3:00 PM - 4:00 PM Strengthening Communities of Nature Sites Through Nature Contest Experiences Leslie Kessner, Texas A&M Forest Service, and Tracy Stratman, City of Omaha Parks and Recreation Getting kids and families outdoors and interacting with their local natural resources is a goal of many organizations. A new study by The Nature of Americans collaborative offers recommendations to alleviate disconnection from nature. Two recommendations are “deepening local experiences in nature near home” and “assuring adults and children that time in nature can be (and even ought to be) social.” In this vein, a variety of challenges or contests help families experience and connect with their local nature areas and each other, whether outside their back door, across town or around the state. In this session, we will summarize four state programs that offer a package of experiences to help people get outside and spend time together as a family; explain how a Park Pursuit, Texas Nature Challenge or similar program can strengthen your community of nature sites; discuss how to get started with a program, including identifying potential partners to join or create a place-based or region-oriented program in your area; and focus on the Rio Grande Valley’s Family Summer Adventure Challenge to learn how this program has impacted their group of nature sites and area families.
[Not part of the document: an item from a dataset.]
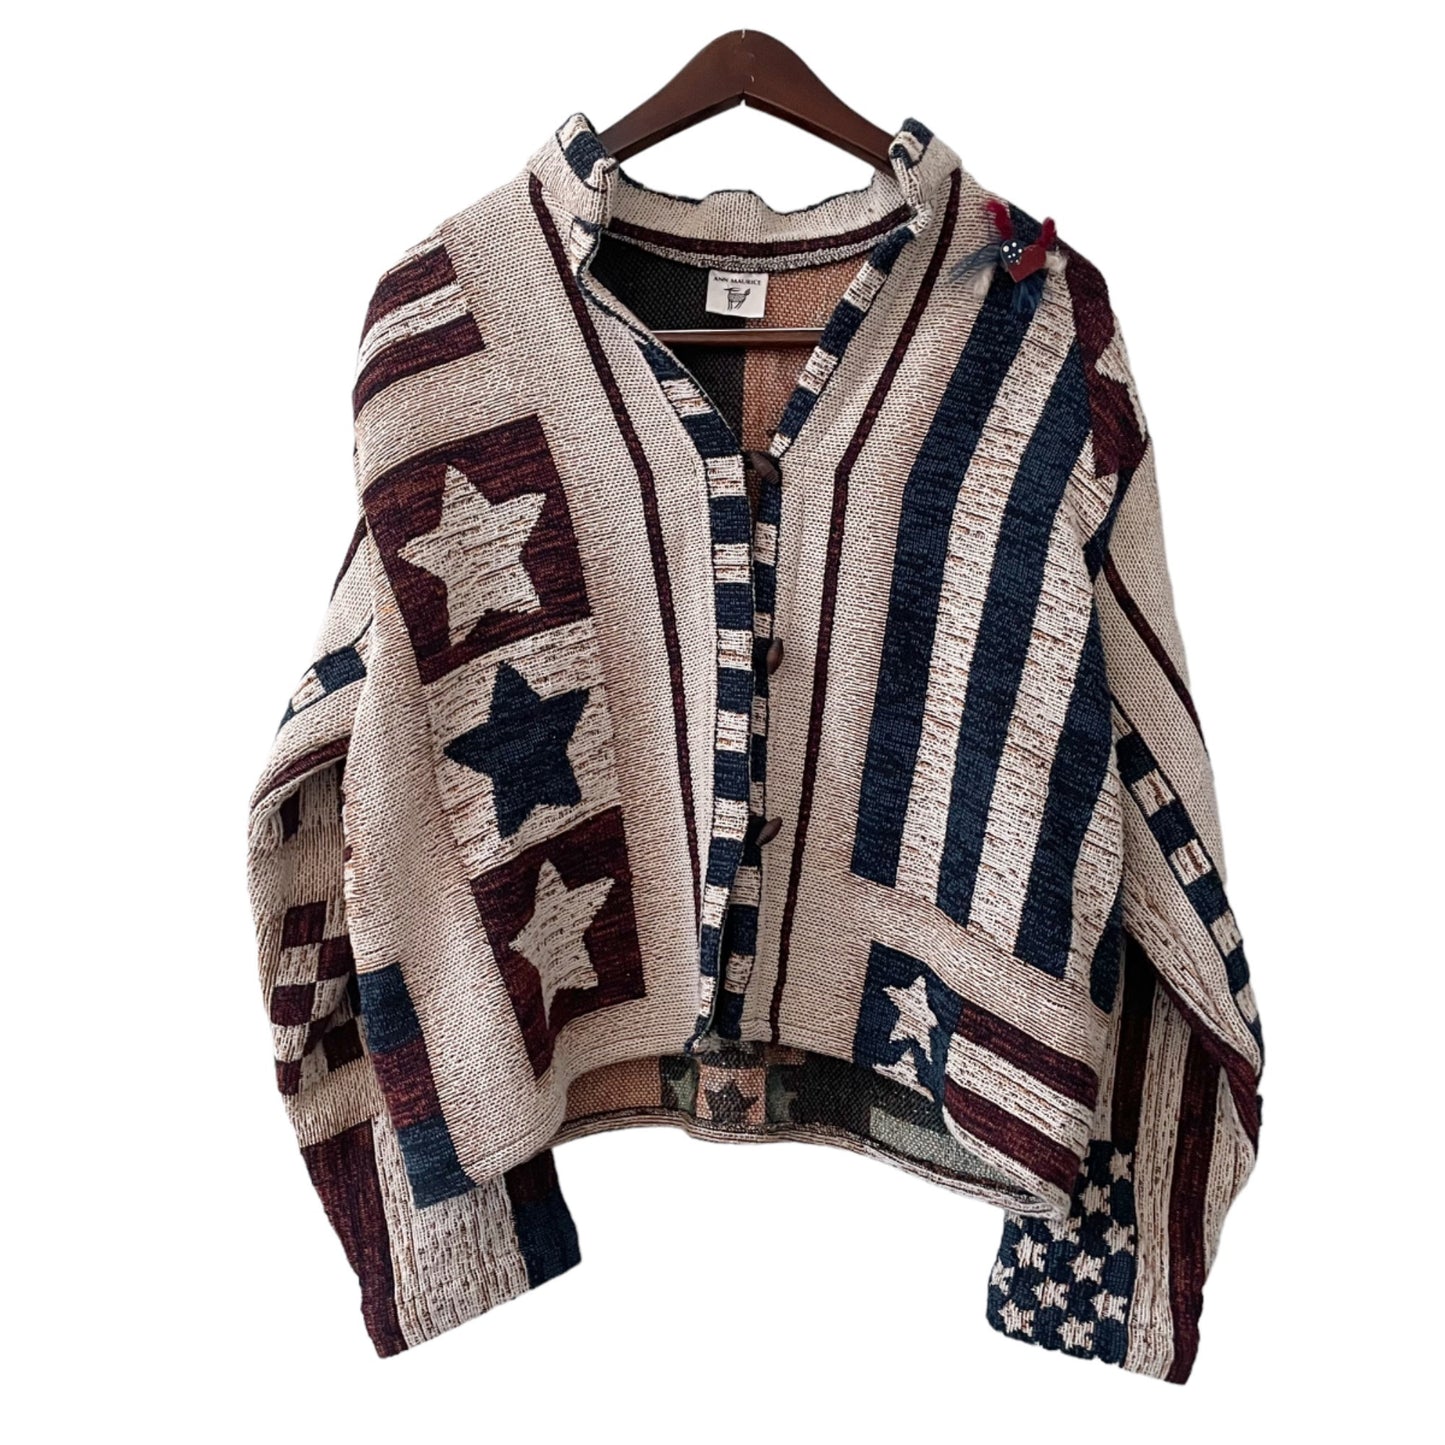 Ann Maurice Woven Americana Patriotic Sweater Jacket Women's XL Wood Buttons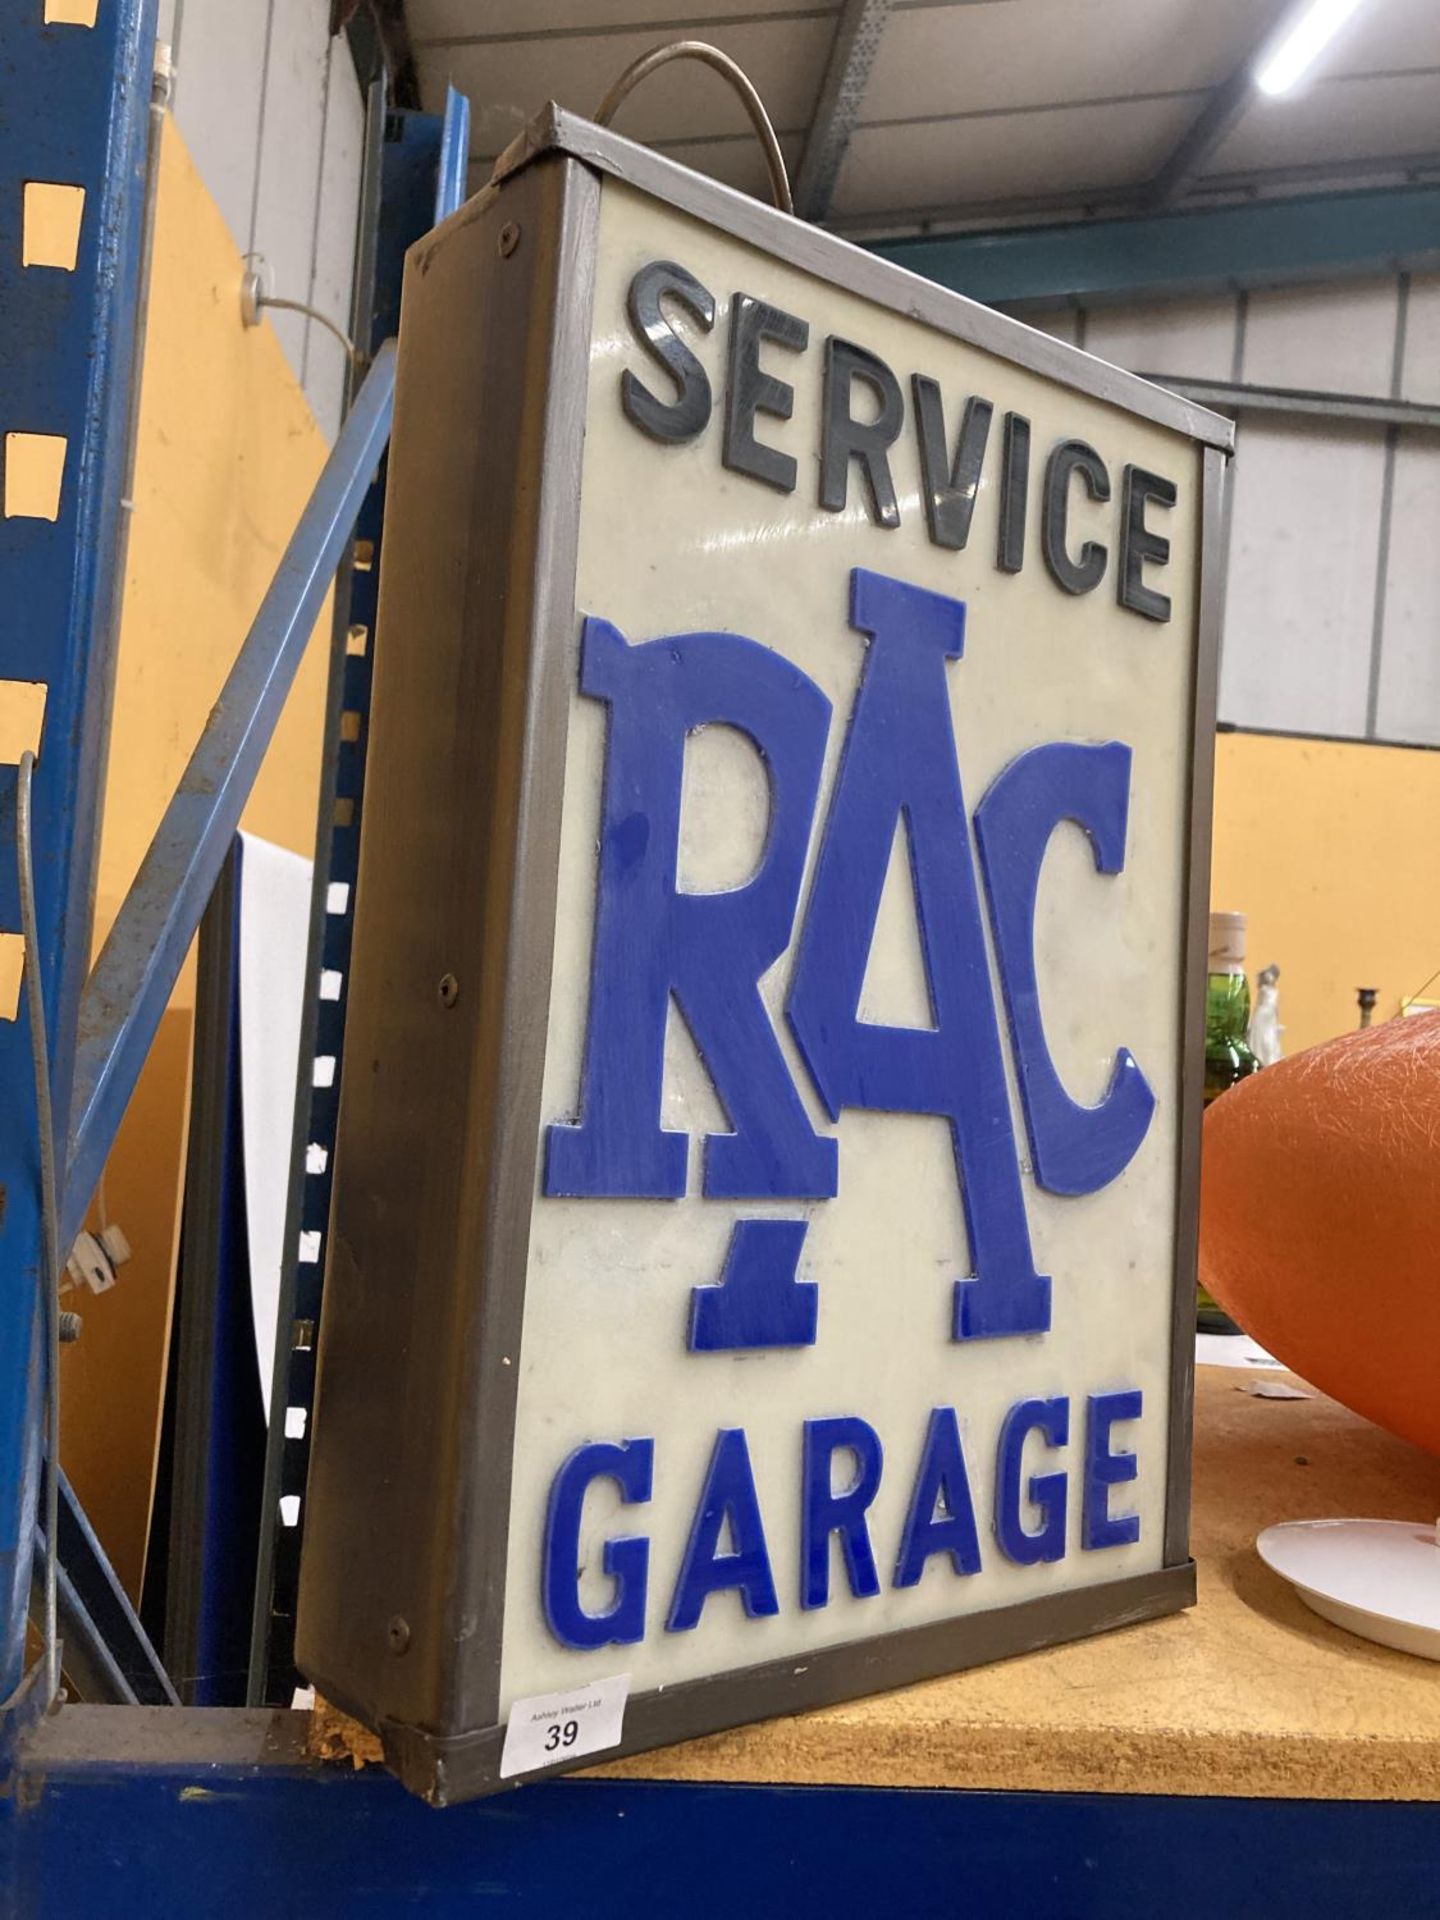 AN RAC SERVICE GARAGE ILLUMINATED LIGHT BOX SIGN - Image 2 of 2

4:00 PM - 5:00 PM Trail Cameras: Getting Kids Into the Outdoors Using Technology Luke Coccoli, Boone and Crockett Club, Montana The Boone and Crockett Club (B&C) purchased the Theodore Roosevelt Memorial Ranch (TRMR) in 1987 to commemorate the club's centennial celebration. Founded by Teddy Roosevelt, B&C's TRMR is located west of Dupuyer, Montana, along the Rocky Mountain Front and is home to the Rasmuson Wildlife Conservation Center (RWCC). For over 25 years the RWCC and TRMR have served in educating thousands of individuals from across the globe in place-based conservation education. On the 6,000-acre working cattle ranch, wolves, grizzly and black bears, whitetail and mule deer, elk, moose, coyotes and mountain lions all roam free. Not all of this wildlife could be viewed on a regular basis, of course, until the ranch staff began deploying about a dozen trail cameras year-round. Not only are the pictures phenomenal but it opened a whole new world of possibilities to connect youth and adults alike with the outdoors! This presentation will allow the audience to see actual trail camera photos from the ranch and learn how to use technology to get kids into the outdoors! Topics covered will include selecting a camera, learning how to use a camera, how and where to deploy a camera, how to organize and store data (pictures), how to develop curriculum and social media content using this data and many other useful tips and tricks regarding the use of “camera traps.” Participants will be able to get hands on at least two different styles of trail cameras to learn the variety of functionality and ease of use as well as see a variety of photos from Montana and current projects the Boone and Crockett Club is developing using such technology. If someone you know cannot or will not get excited about wildlife and wild places, try these tactics using technology to get them into the outdoors!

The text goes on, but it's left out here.